• Task: Write back every line of the listing exactly, excluding images.

• Information supplied:
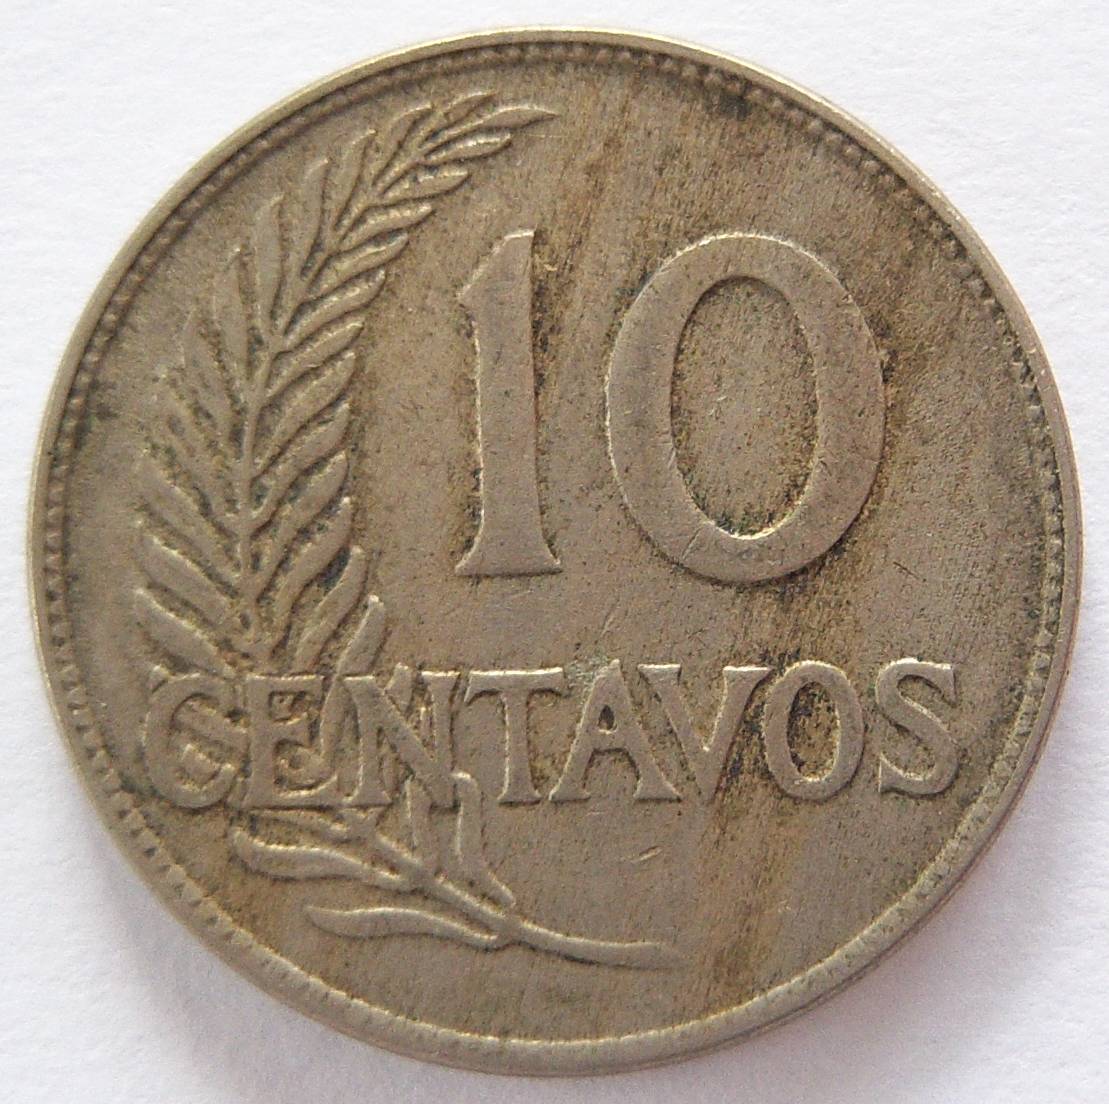  Peru 10 Centavos 1918   
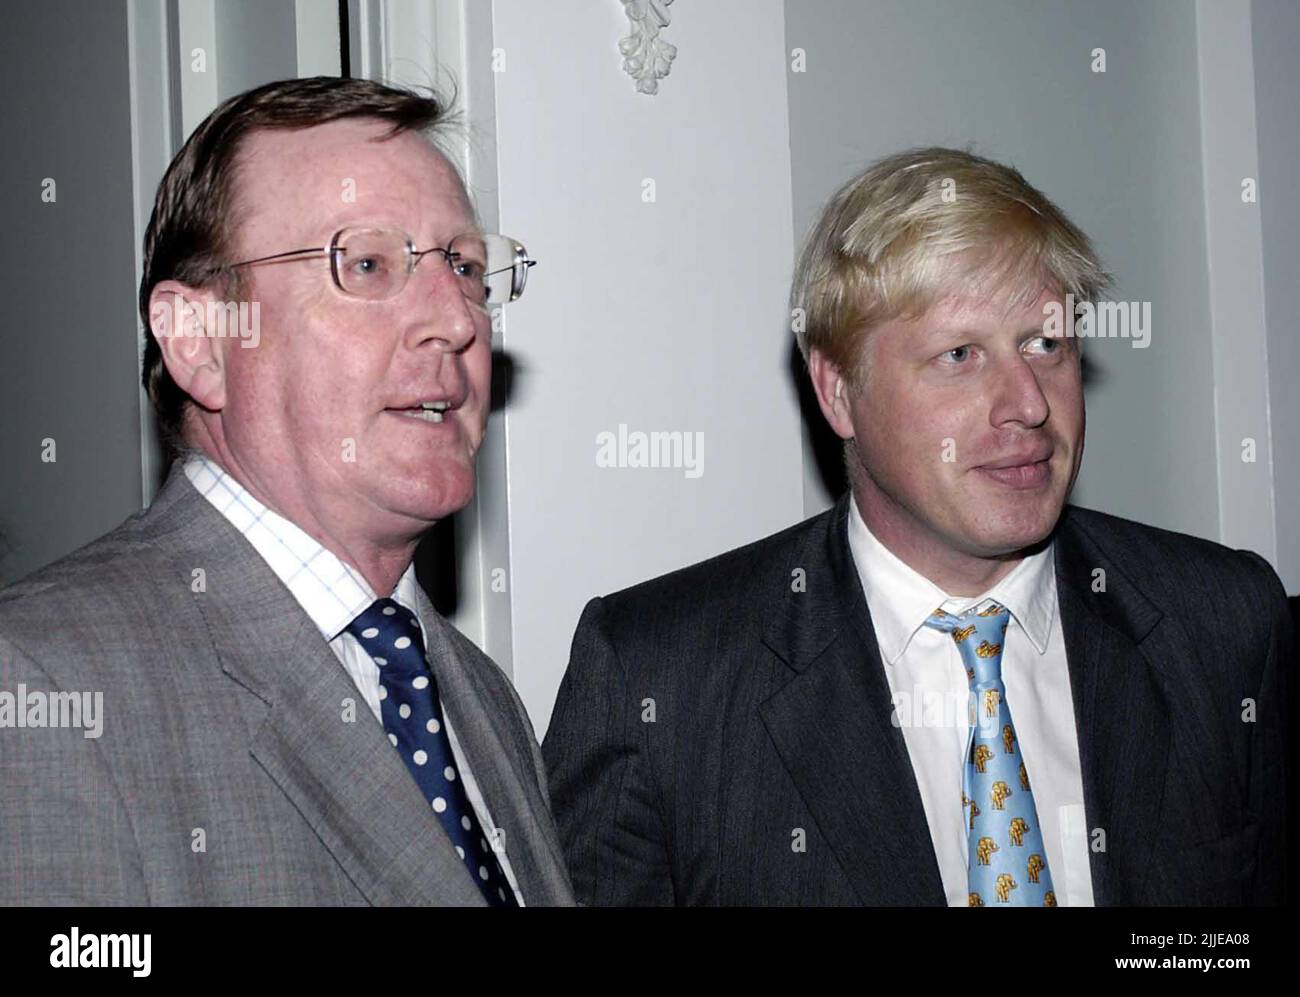 Photo du dossier datée du 24/9/2003, du chef unioniste David Trimble (à gauche) et de Boris Johnson, rédacteur en chef du magazine Spectator lors d'une fête marquant le 175th anniversaire du Spectator, à l'hôtel four Seasons, Park Lane, Londres. L'ancien premier ministre d'Irlande du Nord est décédé, a annoncé le Parti unioniste d'Ulster. Date de publication : lundi 25 juillet 2022. Banque D'Images
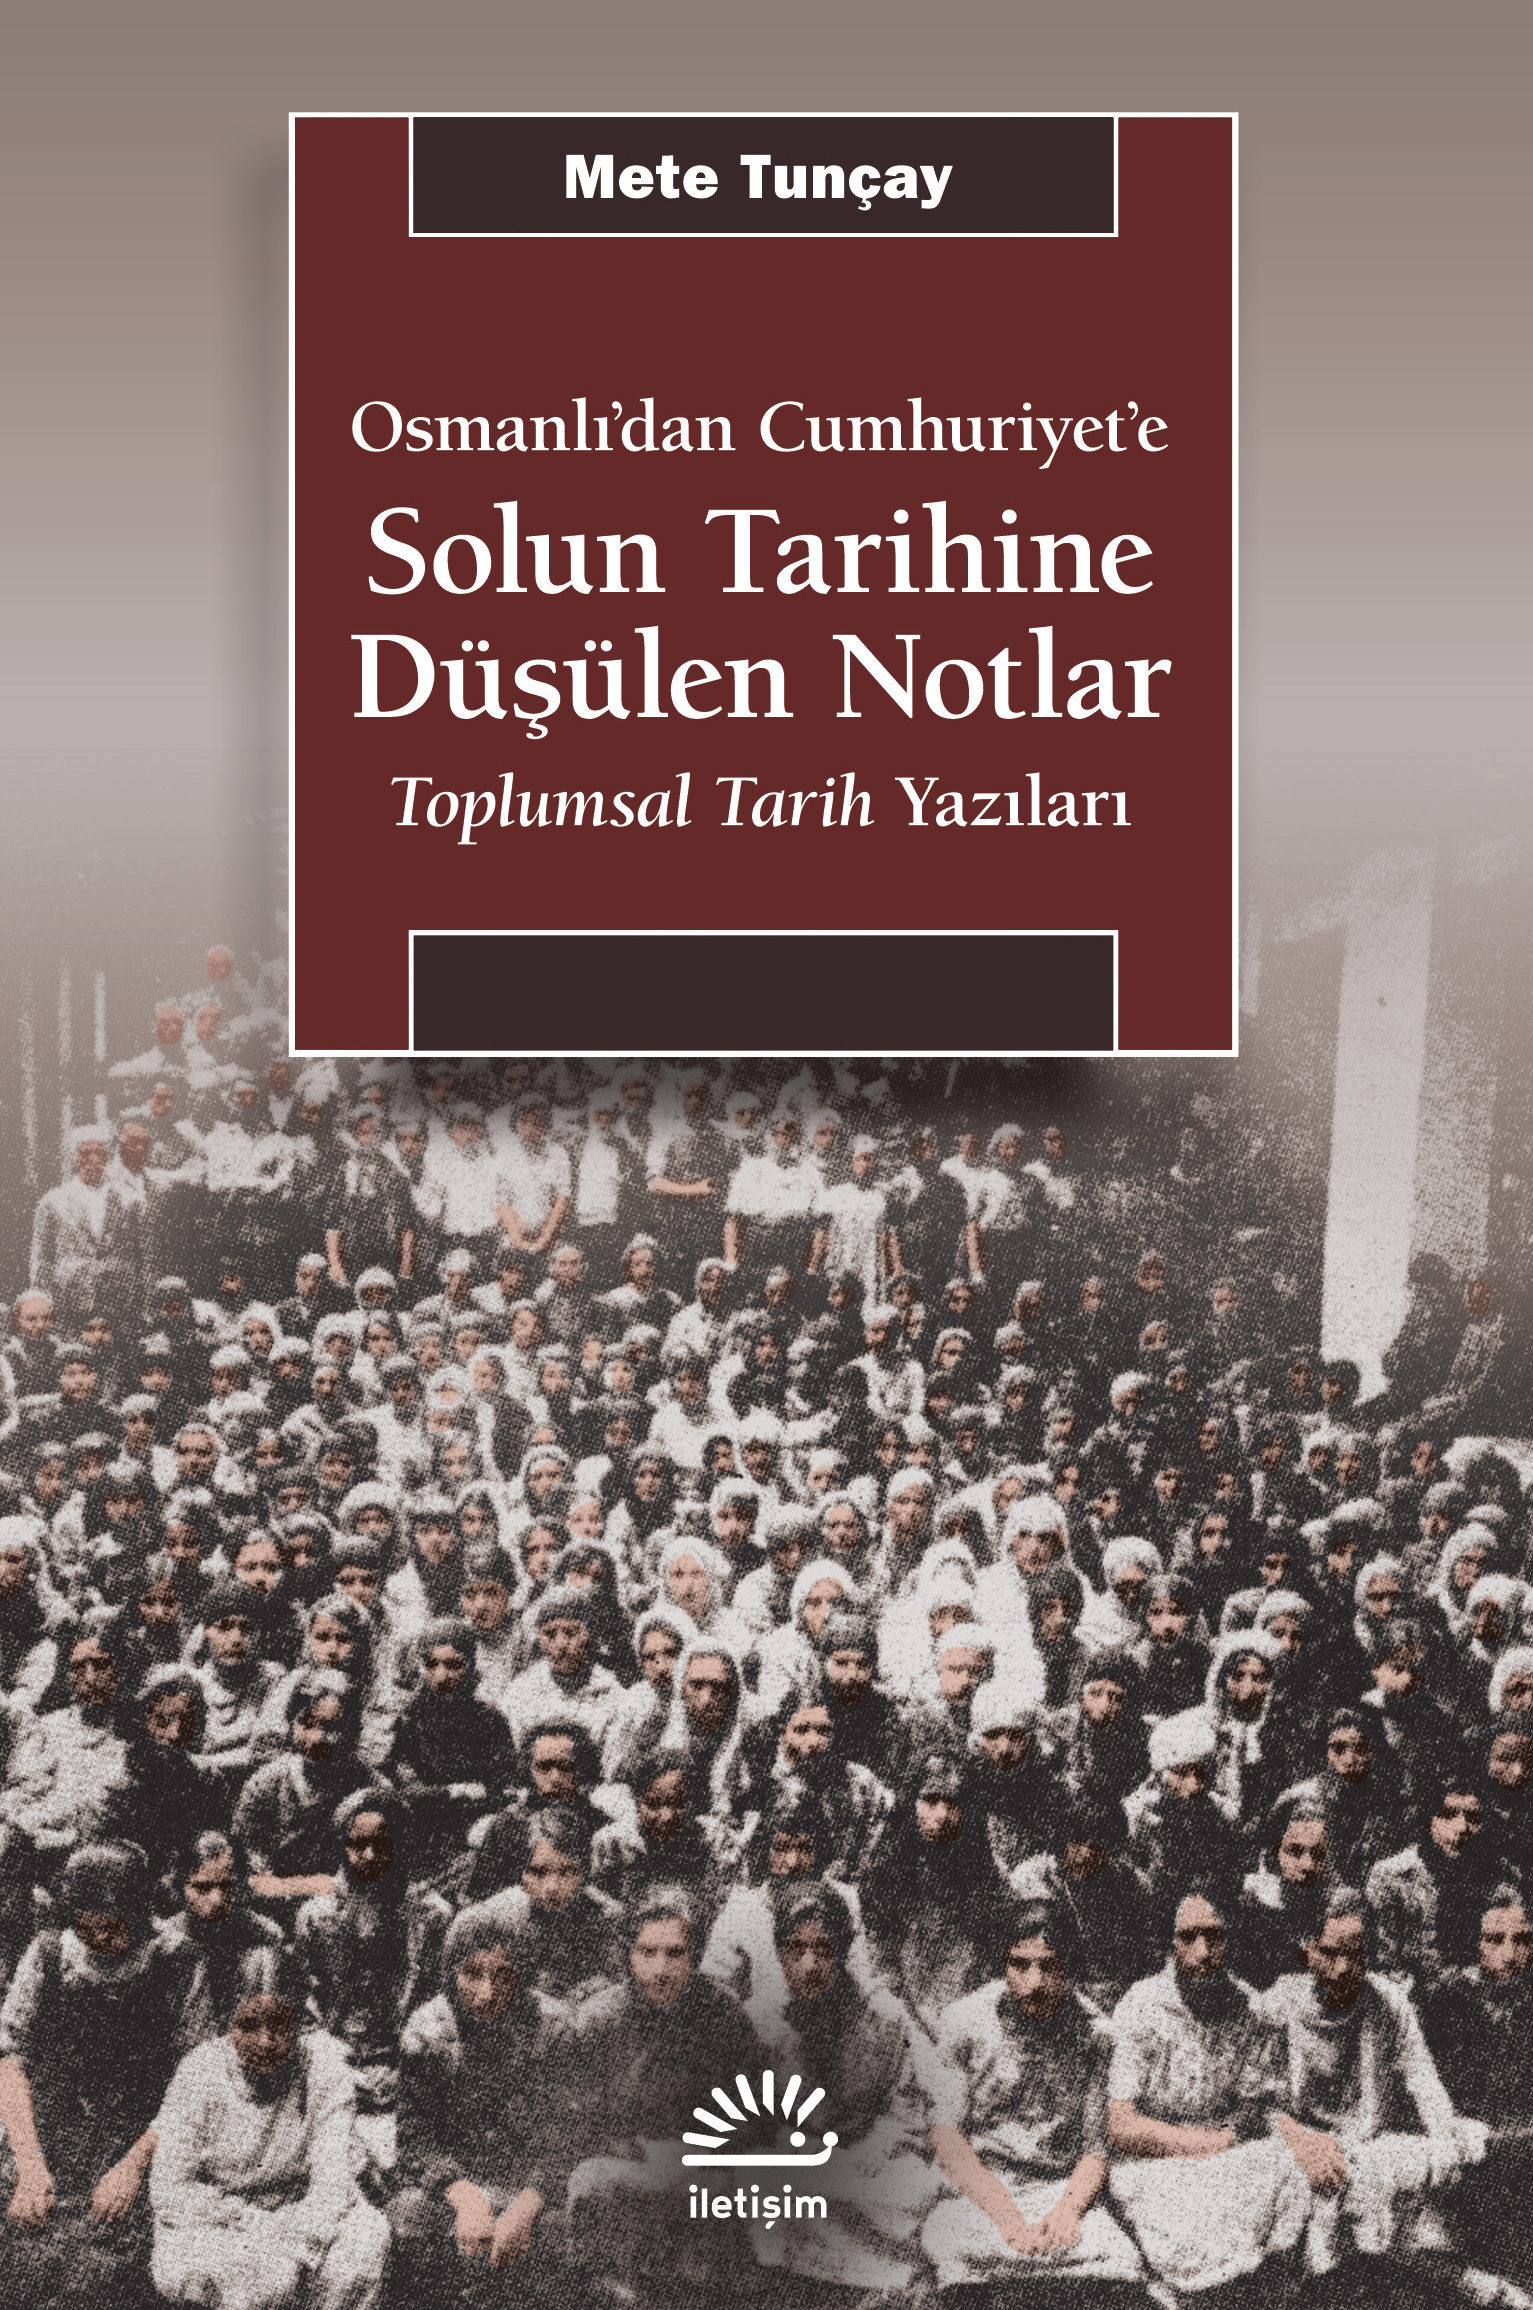 Solun Tarihine Düşülen Notlar Osmanlı'dan Cumhuriyet'e Toplumsal Tarih Yazıları

• Output for this exercise:
  Peru 10 Centavos 1918   
 Photo du dossier datée du 24/9/2003, du chef unioniste David Trimble (à gauche) et de Boris Johnson, rédacteur en chef du magazine Spectator lors d'une fête marquant le 175th anniversaire du Spectator, à l'hôtel four Seasons, Park Lane, Londres. L'ancien premier ministre d'Irlande du Nord est décédé, a annoncé le Parti unioniste d'Ulster. Date de publication : lundi 25 juillet 2022. Banque D'Images
 Solun Tarihine Düşülen Notlar Osmanlı'dan Cumhuriyet'e Toplumsal Tarih Yazıları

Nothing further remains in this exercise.